In order to avoid certain complications in relation to accessing international capital markets, Morgan Stanley (MS - Free Report) is thinking of shutting the Russian banking business. The bank’s Russian unit said in its annual report that it will send a formal notice to the central bank in Russia, stating the closure of its Russian banking operations in first-quarter 2020.
Per Reuters, Morgan Stanley’s Russia subsidiary stated in the report that because of sanctions imposed by the United States and the European Union since 2014, it was getting difficult for its businesses in Russia to access international capital markets.
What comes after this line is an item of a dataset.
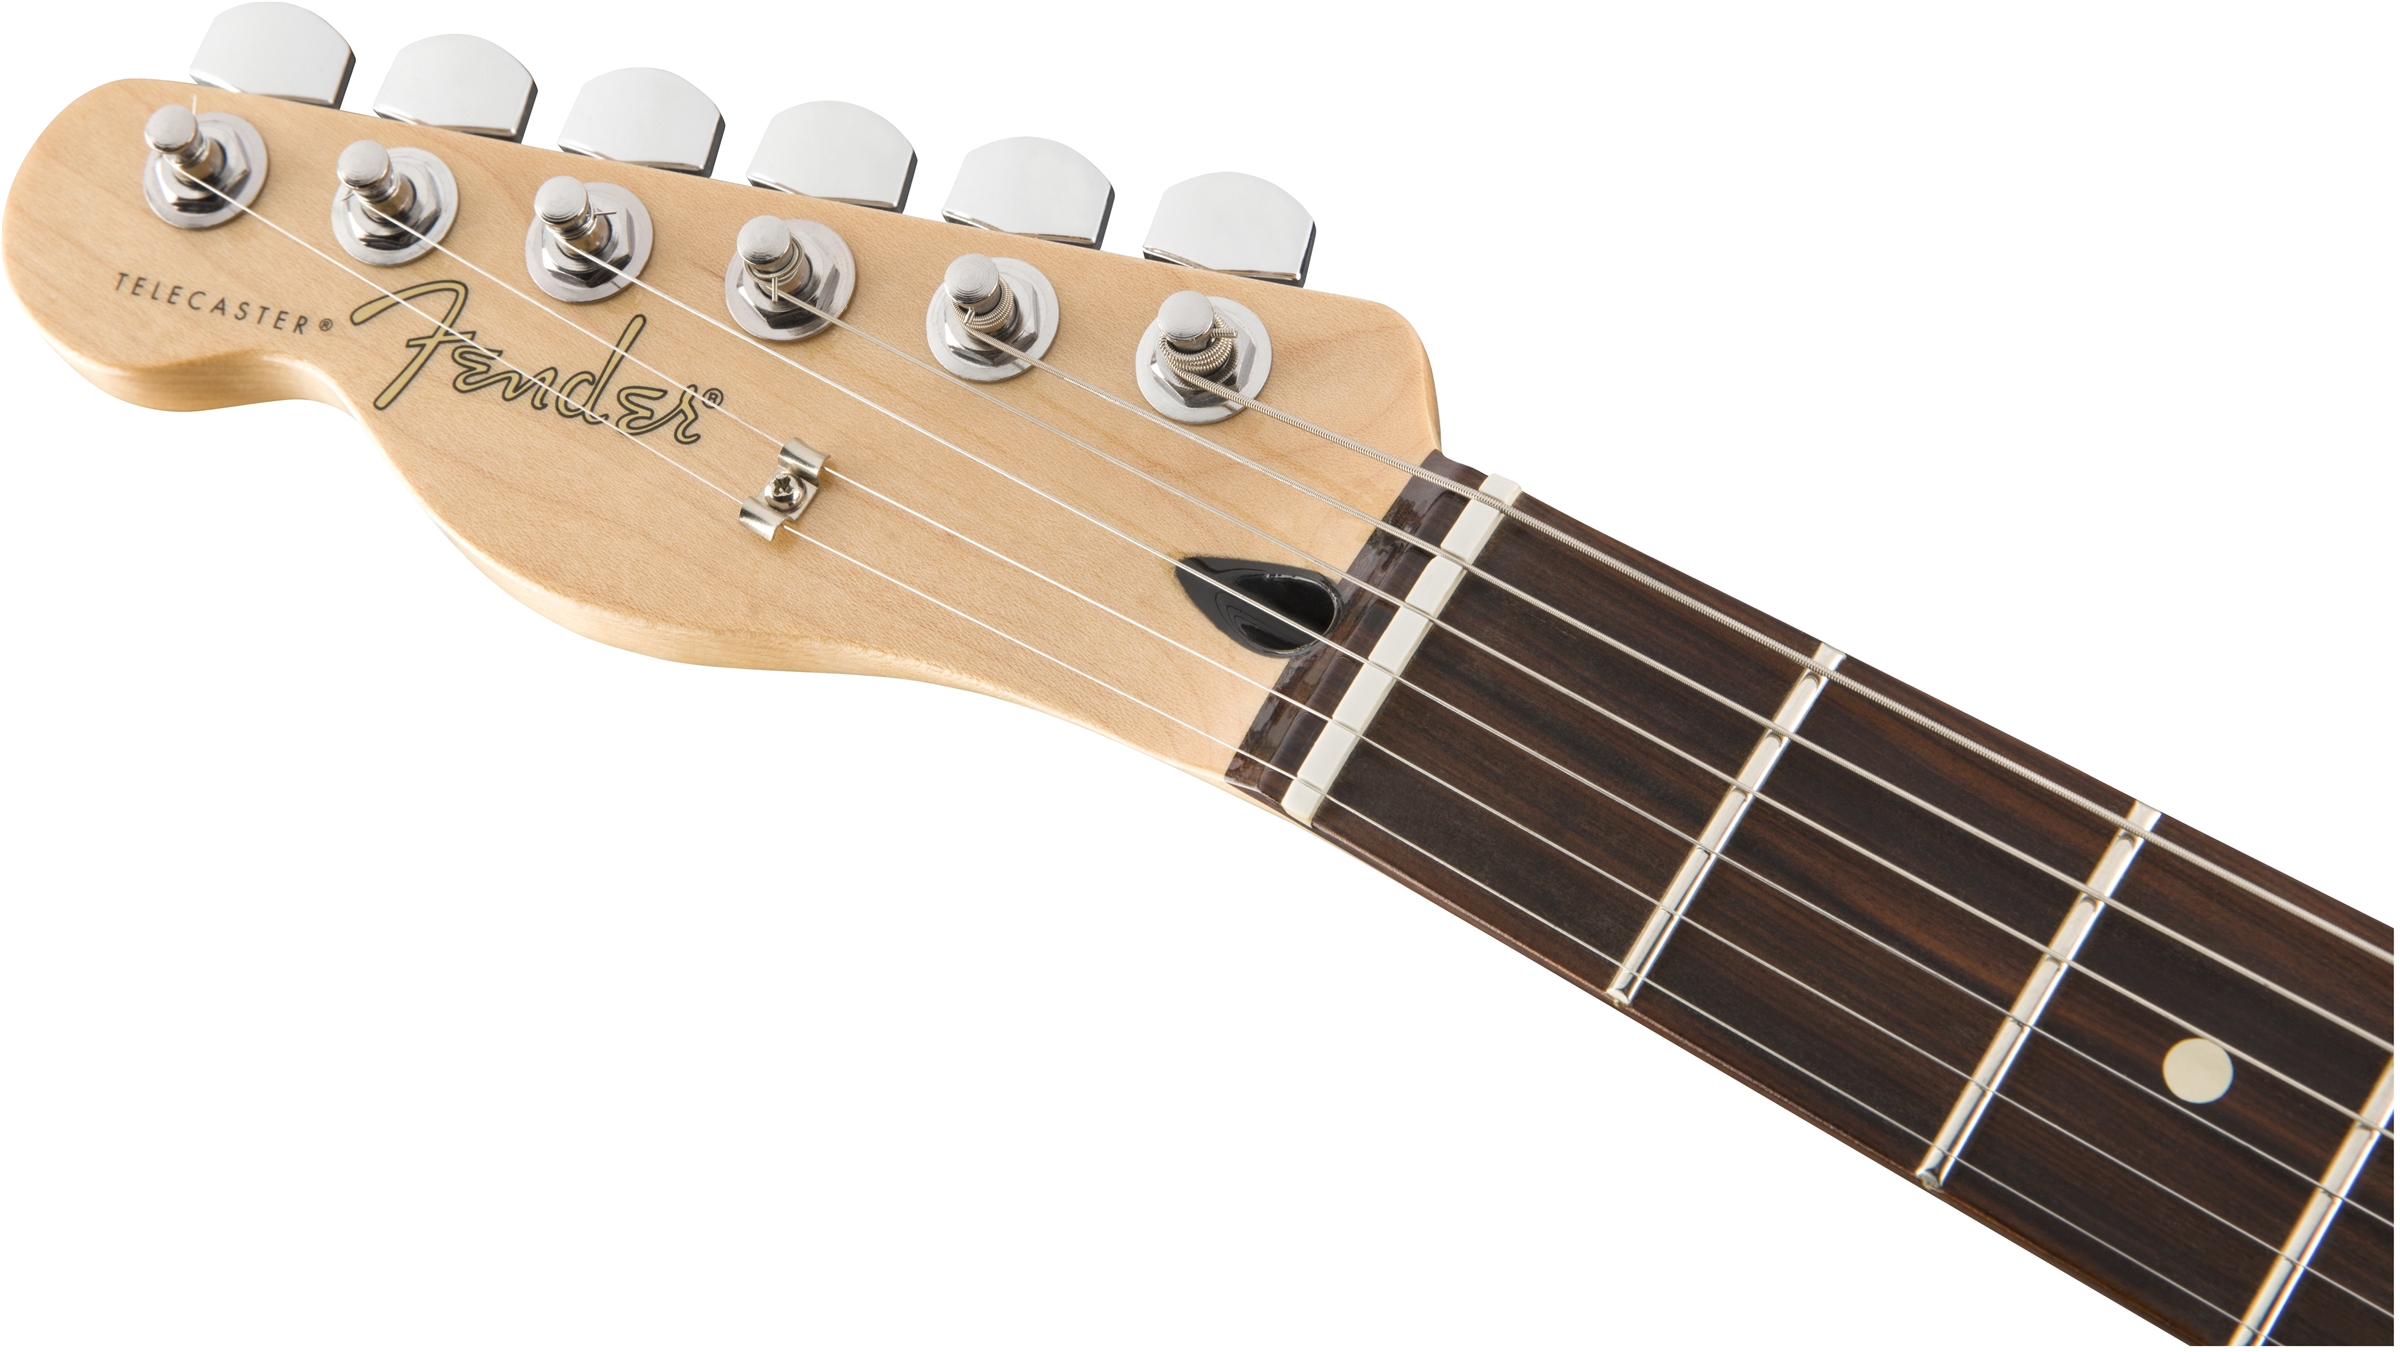 Fender Tele Player Lh Gaucher Mex Ss Pf - Polar White - Guitarra electrica para zurdos - Variation 4

Notably, the report stated, “Impact of changes in the economy on the future results of the bank's business and its financial condition may turn out to be significant.”
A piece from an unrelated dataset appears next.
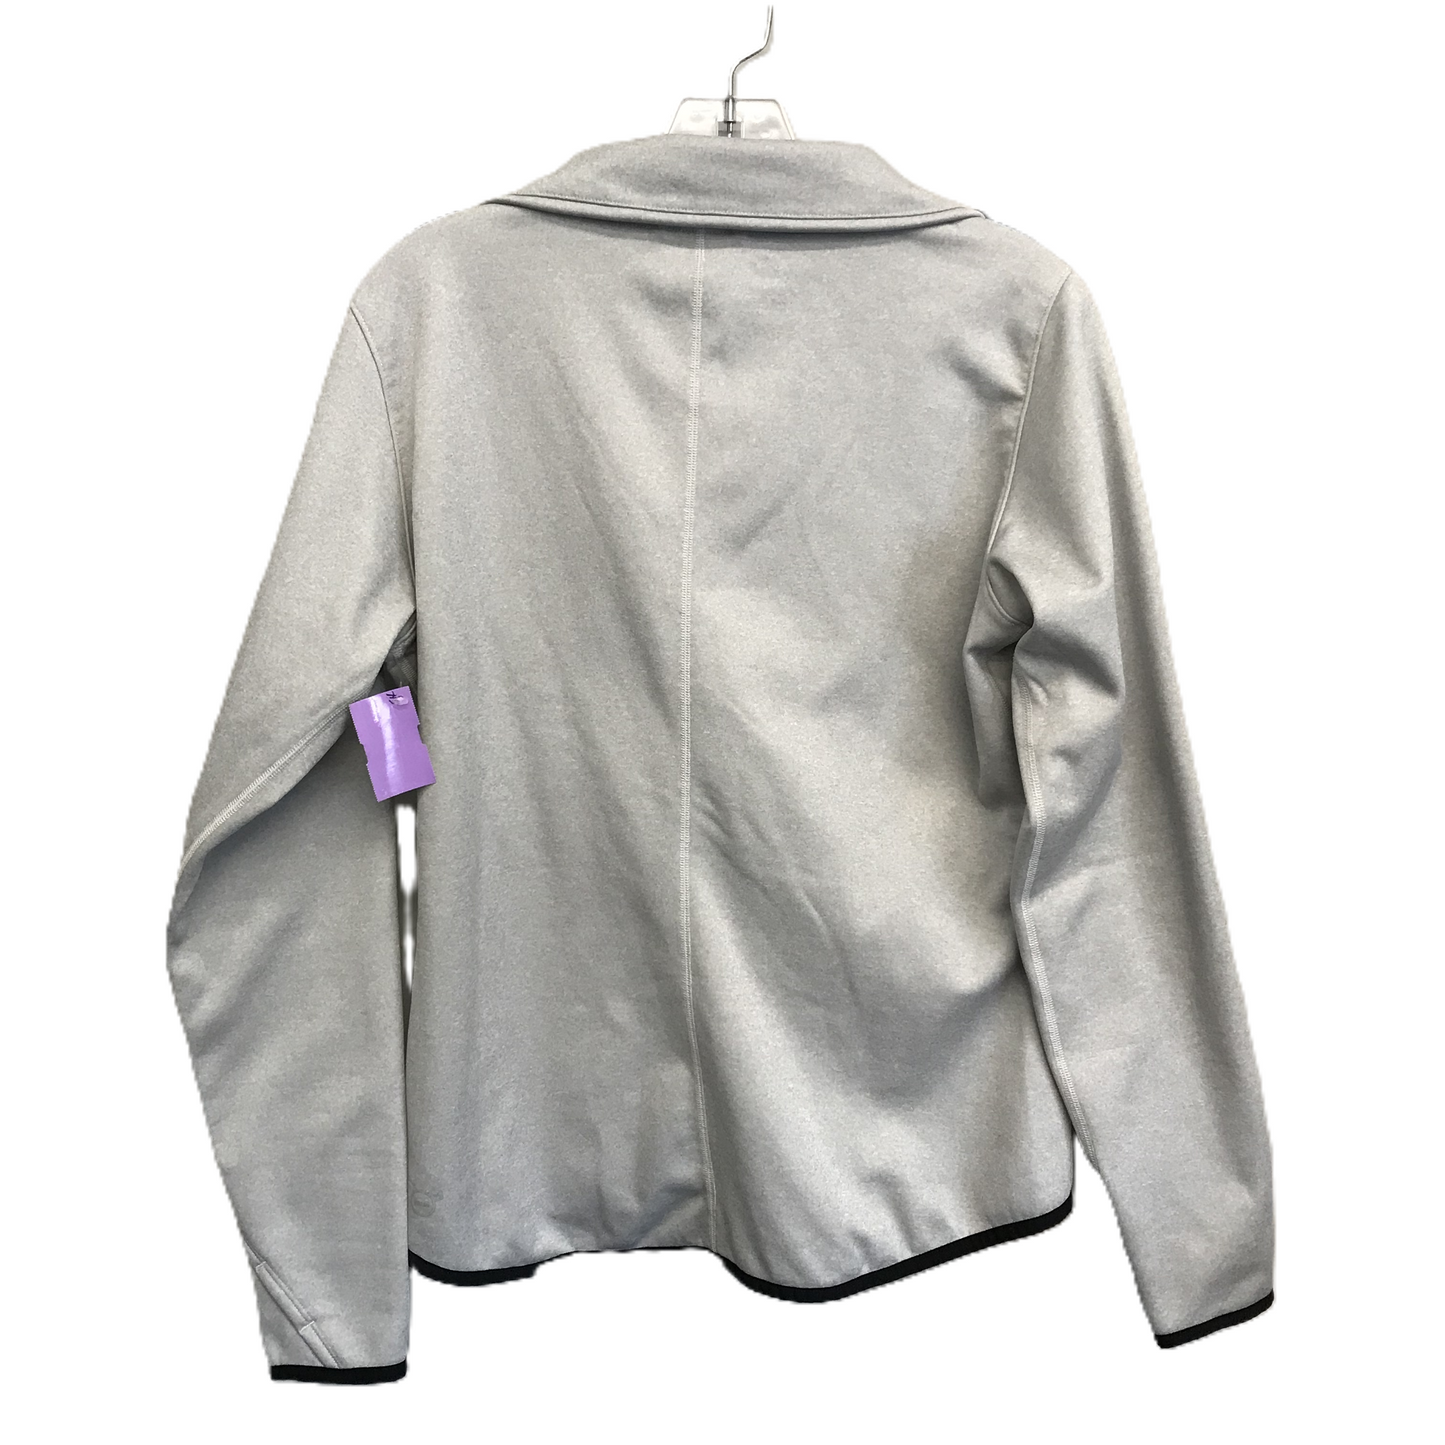 Grey Athletic Jacket By Puma, Size: M

However, this Wall Street giant is expected to continue a consulting business in Russia, which would not involve getting a license.
Notably, Morgan Stanley has been focusing to strengthen domestic corporate banking unit, which led to steady rise in consolidated loans and lending commitments. In fact, these efforts along with higher interest rates resulted in an increase in the company’s net interest income over the last few years.
Moreover, it has undertaken several initiatives over the past few years to restructure operations, with a goal to lower balance-sheet risks and focus on Wealth Management and Investment Management segments as these are less dependent on capital markets.
Shares of Morgan Stanley have gained 2.7% over the past six months against 5.3% decline recorded by the industry it belongs to.
Currently, the company carries a Zacks Rank #3 (Hold).
Stocks to Consider
A few better-ranked stocks from the finance space are Artisan Partners Asset Management Inc. (APAM - Free Report) , Franklin Resources, Inc. (BEN - Free Report) and Cohen & Steers, Inc. (CNS - Free Report) . All these stocks currently sport a Zacks Rank #1 (Strong Buy). You can see the complete list of today’s Zacks #1 Rank stocks here.
Artisan Partners’ earnings estimates for 2019 have been revised 8.4% upward over the past 30 days. Also, its share price has increased 2.5% over the past six months.
The Zacks Consensus Estimate for earnings of Franklin Resources has increased 6.7% for the current-fiscal year over the past 30 days. The company’s shares have gained 8.9% over the past six months.
Cohen & Steers’ earnings estimates have been revised 6.9% upward for 2019, over the past 30 days. Also, its share price has increased 28.2% over the past six months.